I guess the Riva and Rage Pro gain more from reduced texture resolution than the Voodoo.

What is the MCD magic? How come the Millenium and Imagine II run the game with textures? And even with a filter that reminds me of G100?

You can find the answer under the spoiler "OpenGL ICD and MCD in WinNT4.0" in the first post. 😉
I'm the same. I was playing around with old GPUs for 20 years and I also just learned about it by reading John Carmacks .plan Archive.
That is also why I put that text on the beginning of those videos with MCD drivers.

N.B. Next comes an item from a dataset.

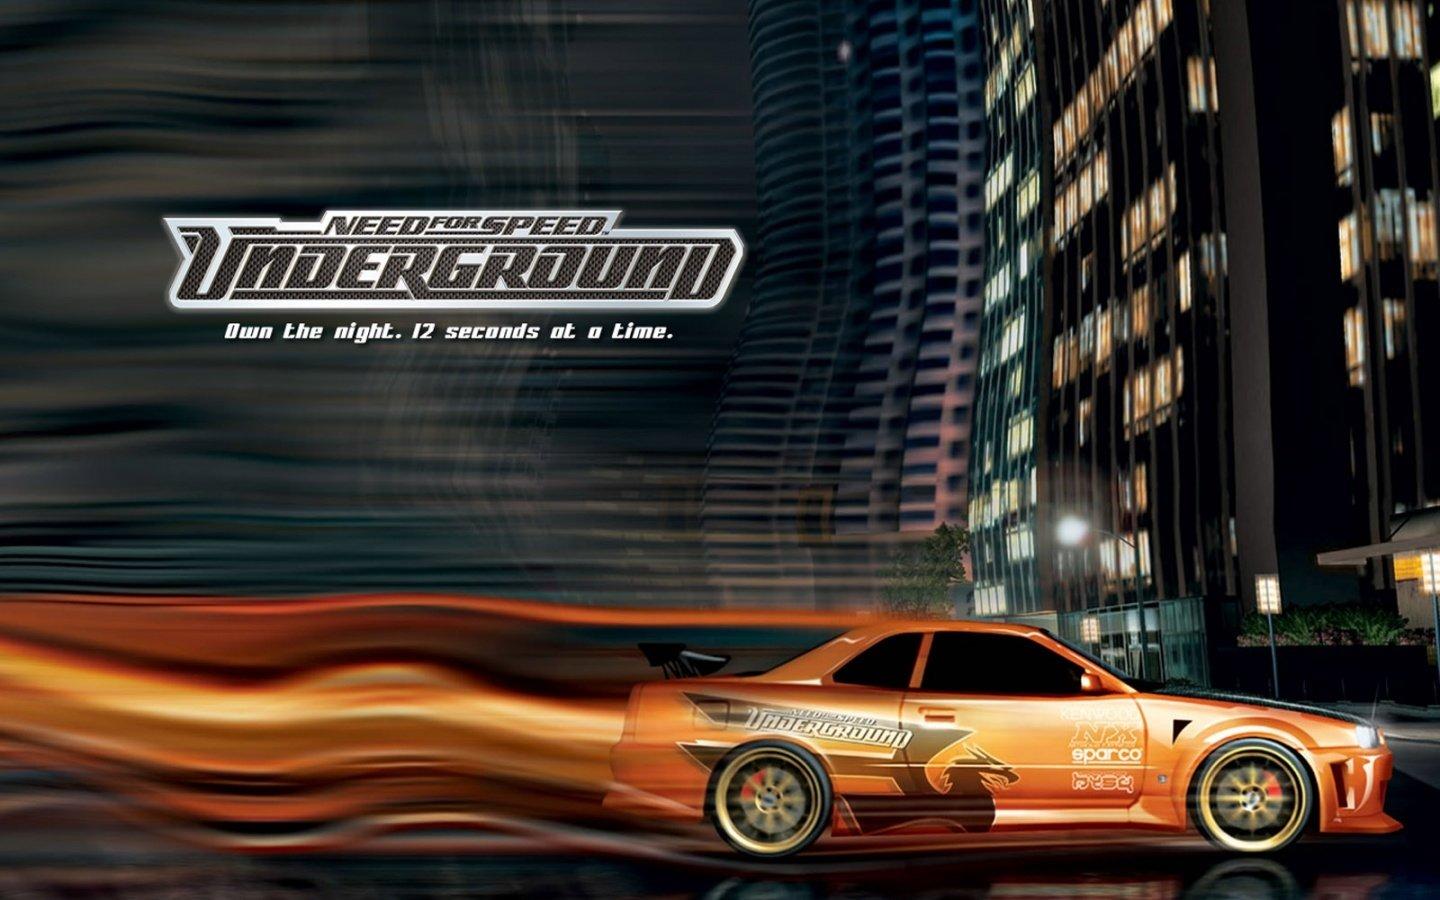 Need For Speed: Underground Wallpaper

Basically in an OpenGL MCD implementation the GPU only does just what it can and the rest is done by the CPU.
The GPU driver interfaces to the OpenGL software renderer that came with WinNT4.0.
That software renderer is the reason that someone ran Quake III on an 386 a while back.

Drivers with MCD were just much faster and cheaper to make than an ICD. So often you had MCD support in the beginning and a full ICD after a year or two.
I'm not shure where the actual line of MCD implementations was. The i740 result suggests, that by 1998 the GPU could do a lot more than rasterization with MCD.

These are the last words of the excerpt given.